Supose two sequences os positive real numbers $\{a_n\}$, $\{b_n\}$ such that the limit $\lim\limits_{n \mapsto \infty}b_n$ exists and is equal to $b > 0$. It is true that $\limsup a_nb_n = \limsup a_n\cdot\lim b_n$? Even in case of $\limsup a_n = \infty$?
This question was treated here: lim sup inequality $\limsup ( a_n b_n ) \leq \limsup a_n \limsup b_n $
Is necessary that $\{a_n\}$ to be bounded for the proffs? Thanks.

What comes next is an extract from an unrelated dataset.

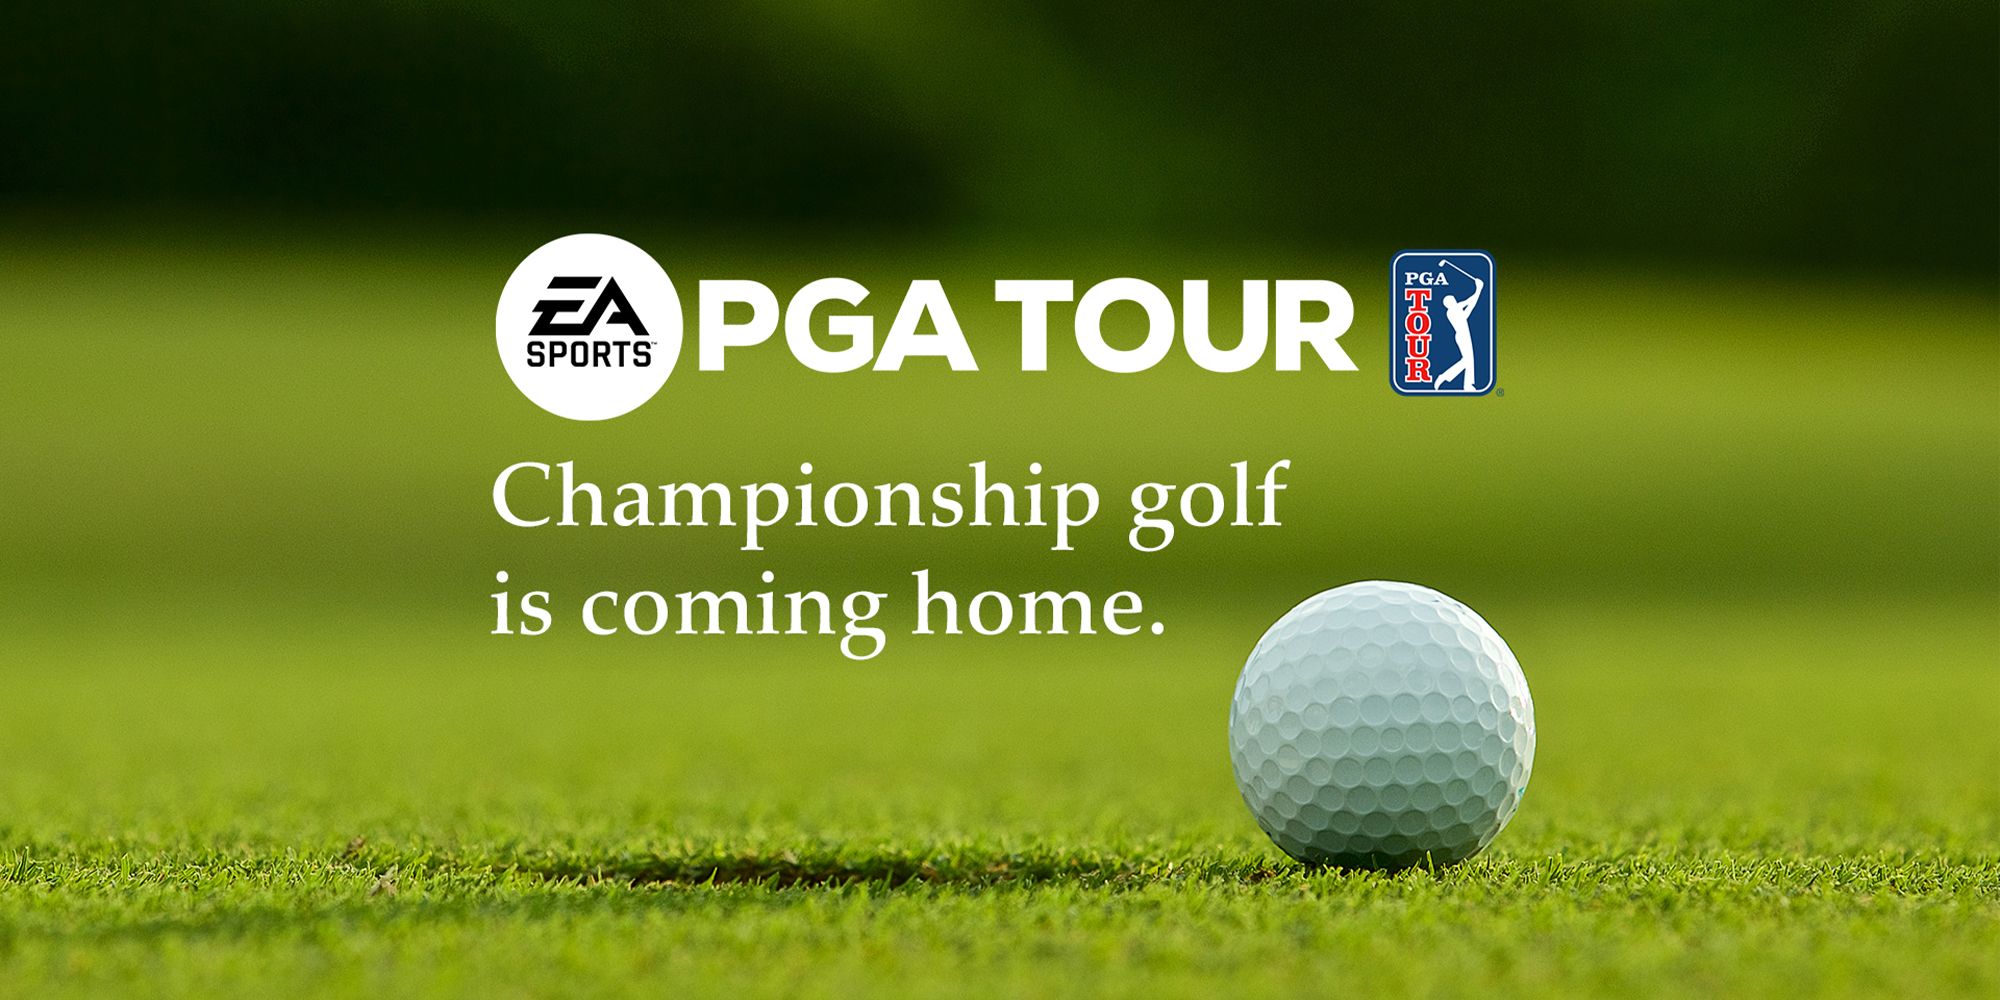 PGA Tour Golf Game Series Is Returning Under EA Sports

Yes, it is true. If $a=\limsup_na_n$, then there is a subsequence $(a_{n_k})_{k\in\mathbb N}$ of $(a_n)_{n\in\mathbb N}$ such that $\lim_ka_{n_k}=a$. Then $\lim_ka_{n_k}b_{n_k}=ab$ and therefore $\limsup_na_nb_n\geqslant ab$. On the other hand, suppose that $\limsup_na_nb_n=L>ab$. Then there is a sequence $(a_{n_k}b_{n_k})_{k\in\mathbb N}$ whose limit is $L$, but this implies that the limit of $(a_{n_k})_{k\in\mathbb N}$ is $\frac Lb>a$, which is absurd.
This proof assumes that $b\in(0,+\infty)$ and that $(a_n)_{n\in\mathbb N}$ is bounded above. The proof in the case in which $b=+\infty$ or in which $(a_n)_{n\in\mathbb N}$ is unbounded (above) is similar (simpler, actually).